In Cajun folklore, the white alligator is a symbol of purity and good fortune — a sacred animal seen perhaps once in a generation. The St. Augustine Alligator Farm brought theirs from the bayous of Louisiana. Visitors have described them as looking carved from white chocolate.
The habitat is designed specifically around their needs — shaded areas, controlled lighting, protection from the sun that would otherwise destroy skin that has no melanin to defend it. The park's leucistic alligators are among the most photographed animals in St. Augustine. They are also, in a sense, the most honest argument the Alligator Farm makes for its own existence: animals that could not survive a single season in the wild, living full lives in a facility built around understanding what they are.
The park covers 10 acres on Anastasia Island — the same island where the Spanish quarried the coquina stone that built the Castillo de San Marcos, the fort whose walls absorbed 300 years of cannon fire without cracking. The limestone that stopped cannonballs is the same island that has been protecting the Alligator Farm's collection since the 1920s. St. Augustine has a habit of putting its most remarkable things in the same small geography and letting visitors find them on their own.
The zipline — Crocodile Crossing, added in 2011 — runs directly over the alligator habitats. It is exactly what it sounds like. The park is also home to sloths, lemurs, Galapagos tortoises, pygmy marmosets, venomous snakes, and hundreds of bird species beyond the rookery. Live keeper talks and feeding demonstrations run throughout the day. They are worth timing your visit around.
Two men put some alligators at the end of a railway line in 1893 to sell souvenirs. They quickly discovered that nobody cared about the souvenirs.
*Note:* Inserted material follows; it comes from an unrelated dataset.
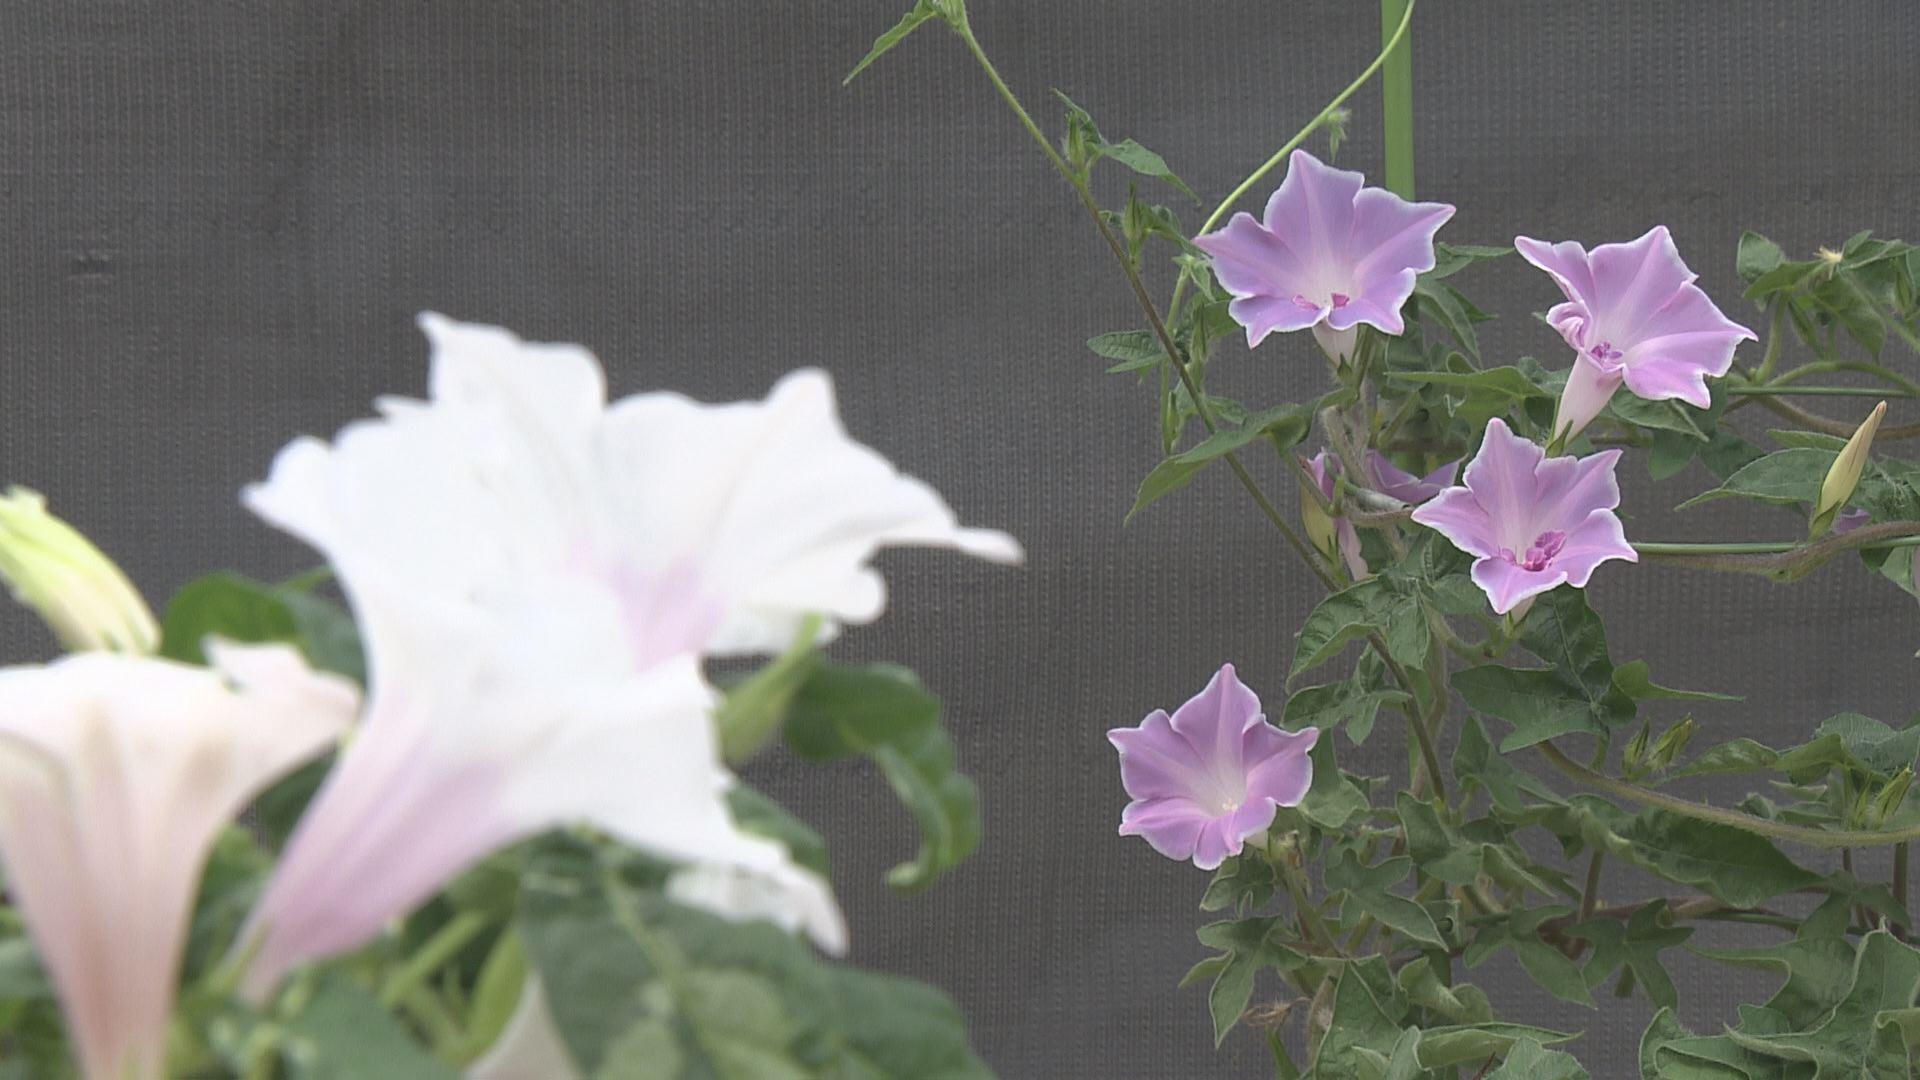 花びらの形が変化した朝顔

One hundred and thirty-three years later, the attraction they built to move merchandise is the only place on earth where every living species of crocodilian can be seen in one location. It trains zoologists. It conducts research that shapes how the world understands crocodilian biology. It houses a 15-foot Australian saltwater crocodile and the preserved remains of his 18-foot predecessor from New Guinea. It has a wild bird rookery that operates entirely on the animals' own terms, in partnership with reptiles that nobody told them to trust.
And in a climate-controlled habitat with carefully managed lighting, there is a white alligator from the Louisiana bayou that shouldn't survive a week in the wild — living a full life in a place built precisely for animals like it.
George Reddington and Felix Fire wanted to sell souvenirs. They accidentally built a world record.
You can find it at St. Augustine Alligator Farm Zoological Park, 999 Anastasia Blvd, St. Augustine. Open daily 9 AM–5 PM. Adults $36.99. The white alligator is near the entrance. You'll know it when you see it.
Good day.
The Alligator Farm is 10 minutes from the Castillo de San Marcos on Anastasia Island. Both are worth your time. The coquina that built the fort came from the same island the alligators live on. St. Augustine is like that.